GOAL OF THE EXERCISE: Among the records, find the lines that hold the string "Condition" and return them.

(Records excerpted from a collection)
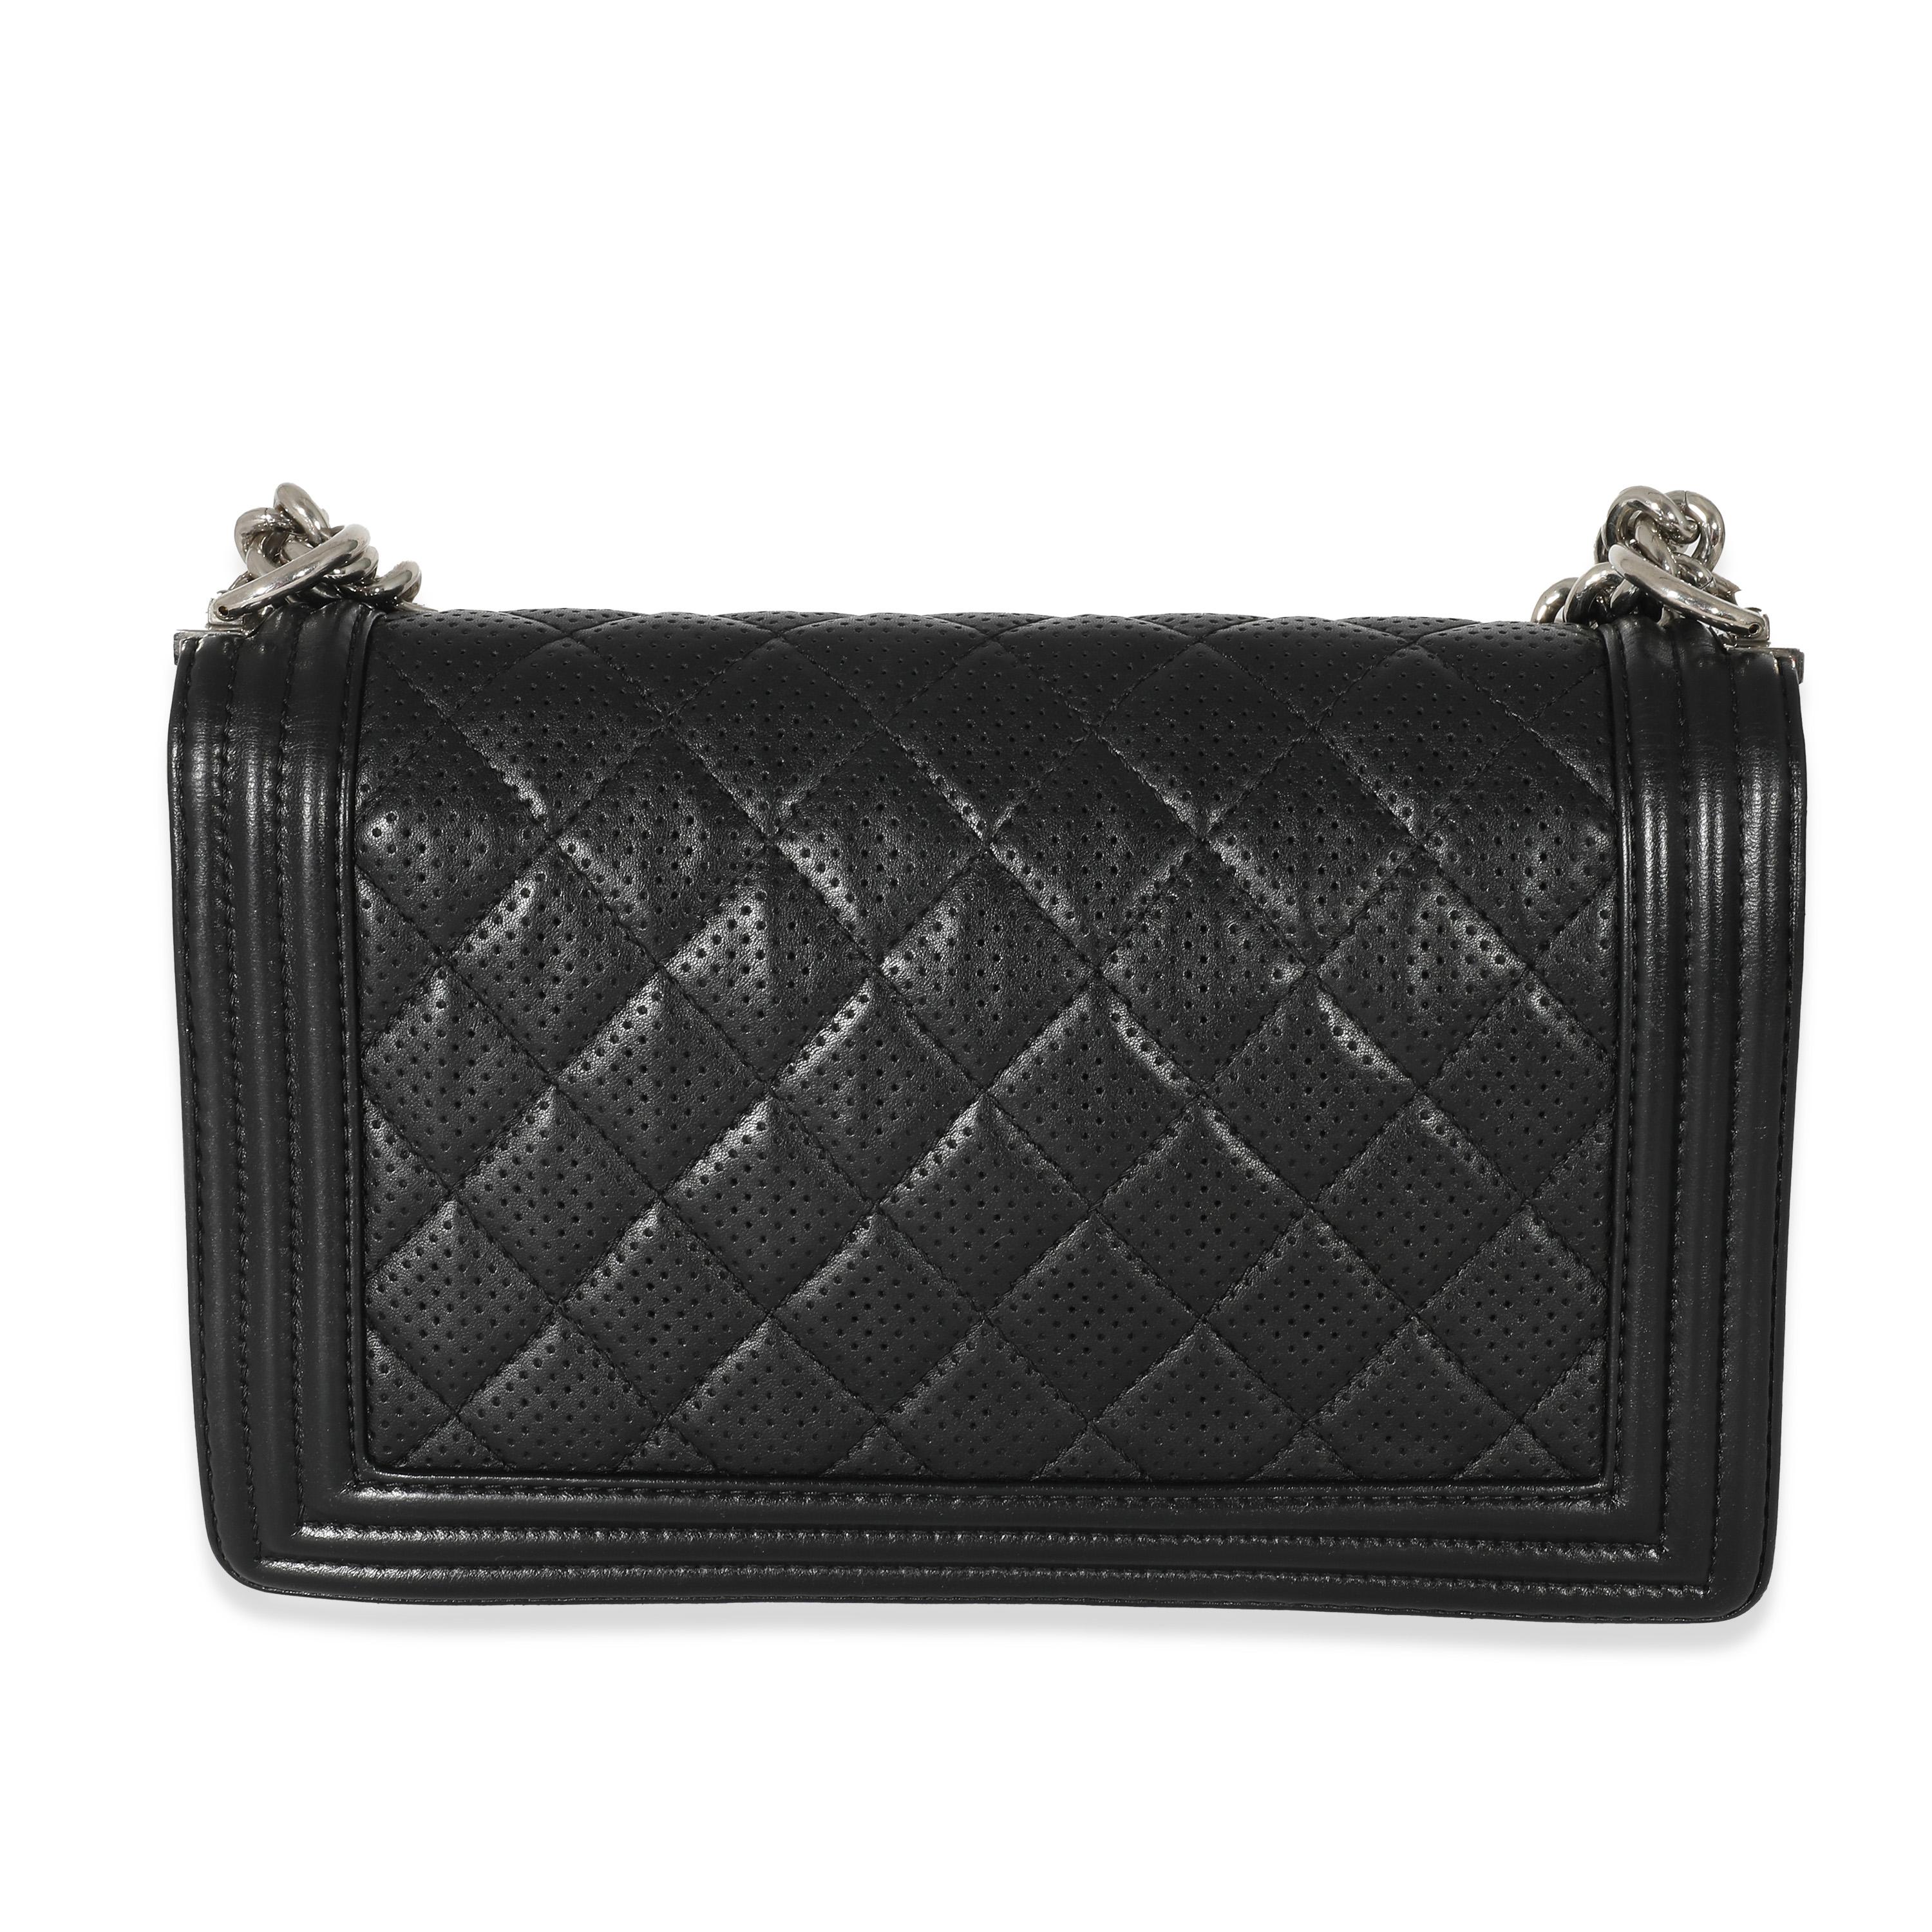 Listing Title: Chanel Black Perforated Lambskin New Medium Boy Bag
SKU: 133458
Condition: Pre-owned 
Condition Description: An instant classic, the Boy bag from Chanel was introduced in 2011. The quilted bag was designed by the late Karl Lagerfeld,
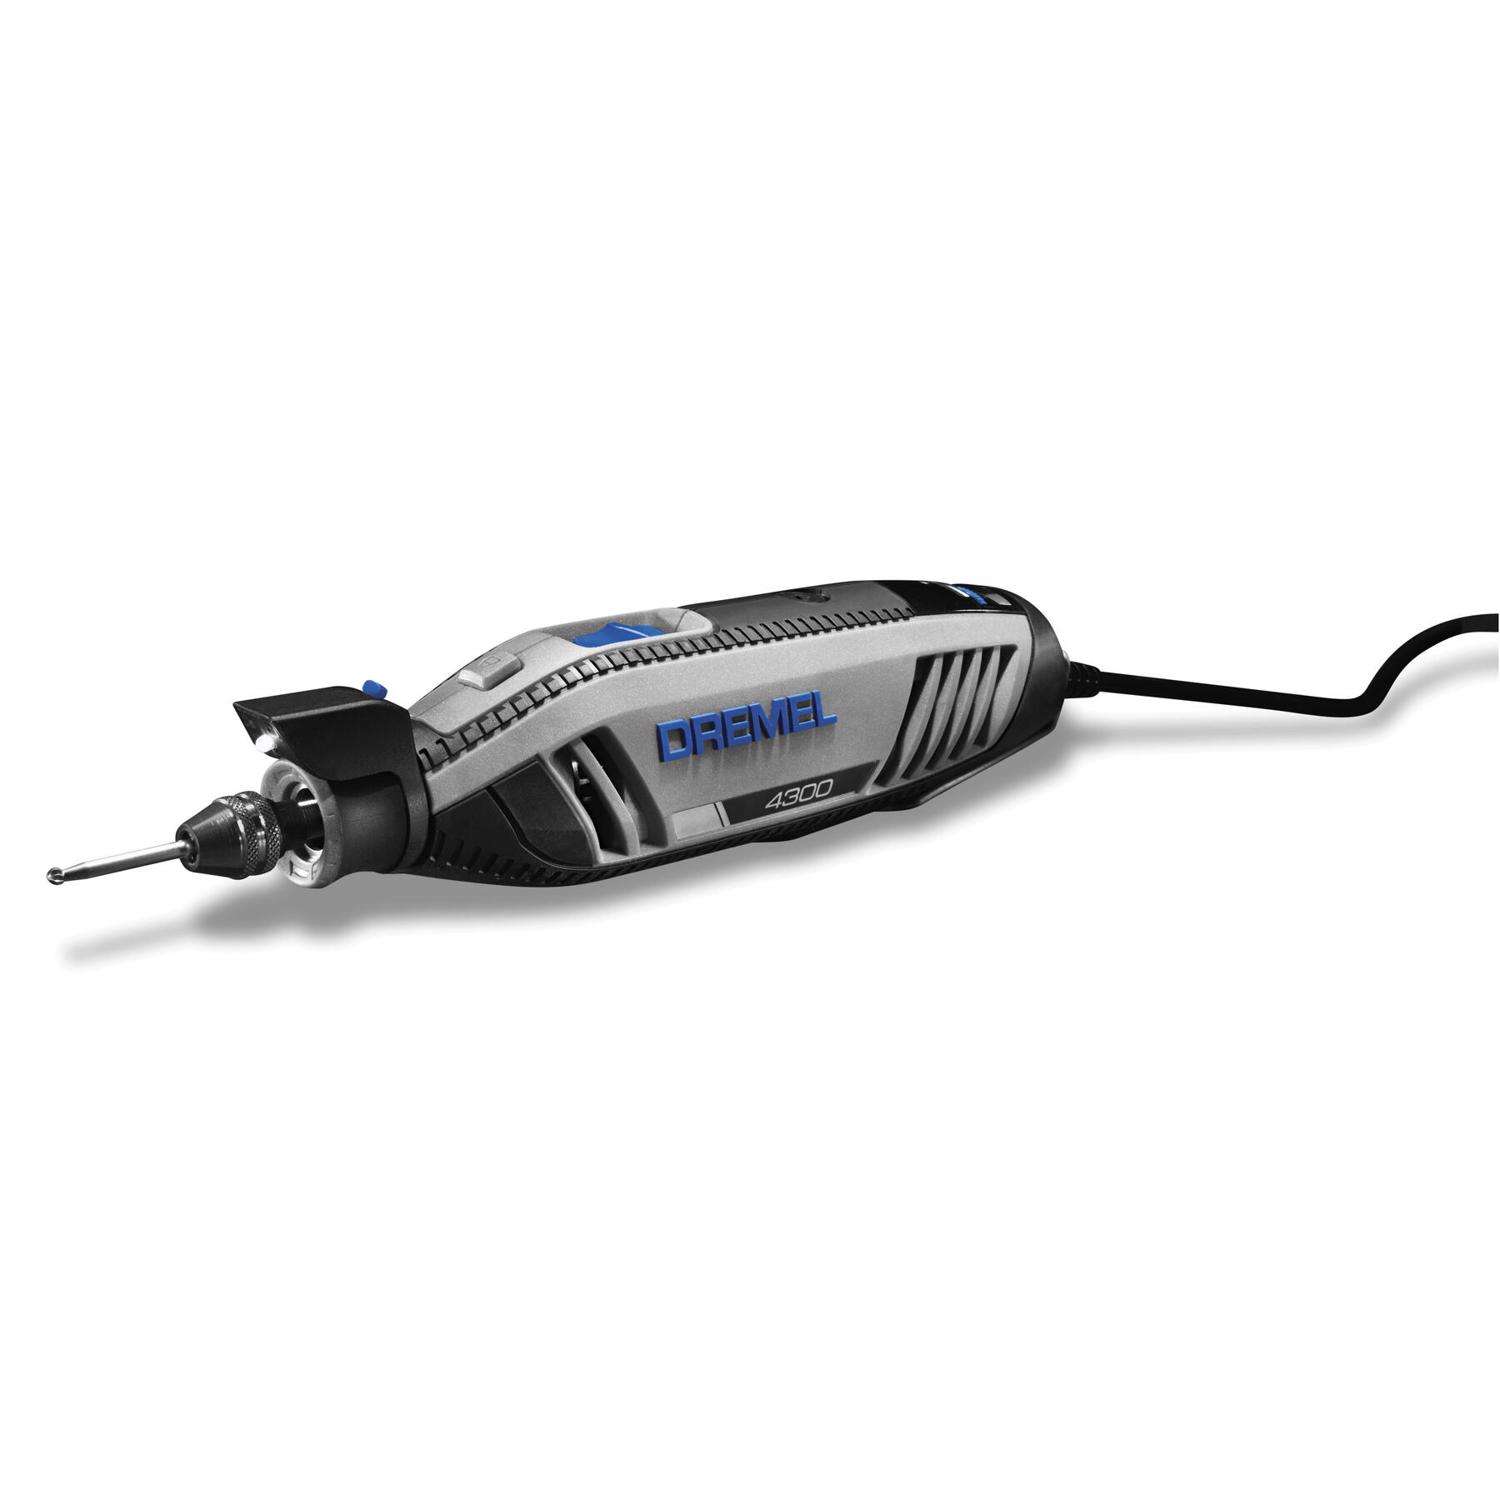 100% Effective Dremel Rotary Tool Workstation - The Owner-Builder
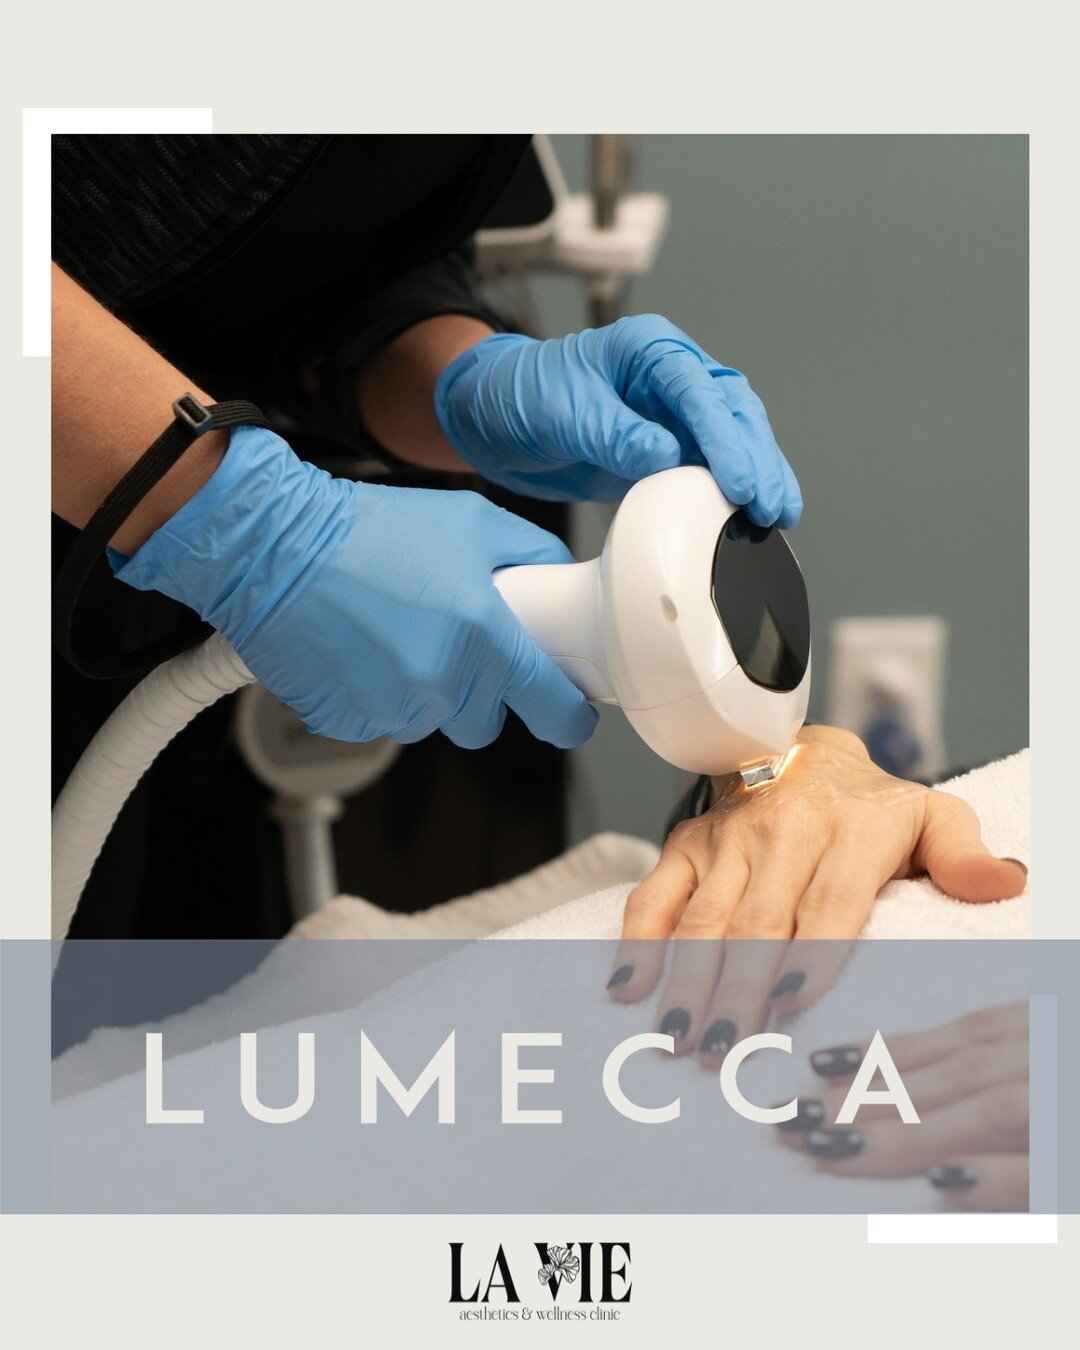 In just 1-3 sessions #Lumecca improves the appearance of:
 
 🌞Age spots (red/brown pigmentations)
 🌞Vascular lesions such as facial telangiectasias (spider veins)
 🌞Rosacea (redness)
 🌞Freckles
 🌞Sun damage
 
 Give us a call to learn more! 😊😊

RESPONSE:
Condition: Pre-owned 
Condition Description: An instant classic, the Boy bag from Chanel was introduced in 2011. The quilted bag was designed by the late Karl Lagerfeld,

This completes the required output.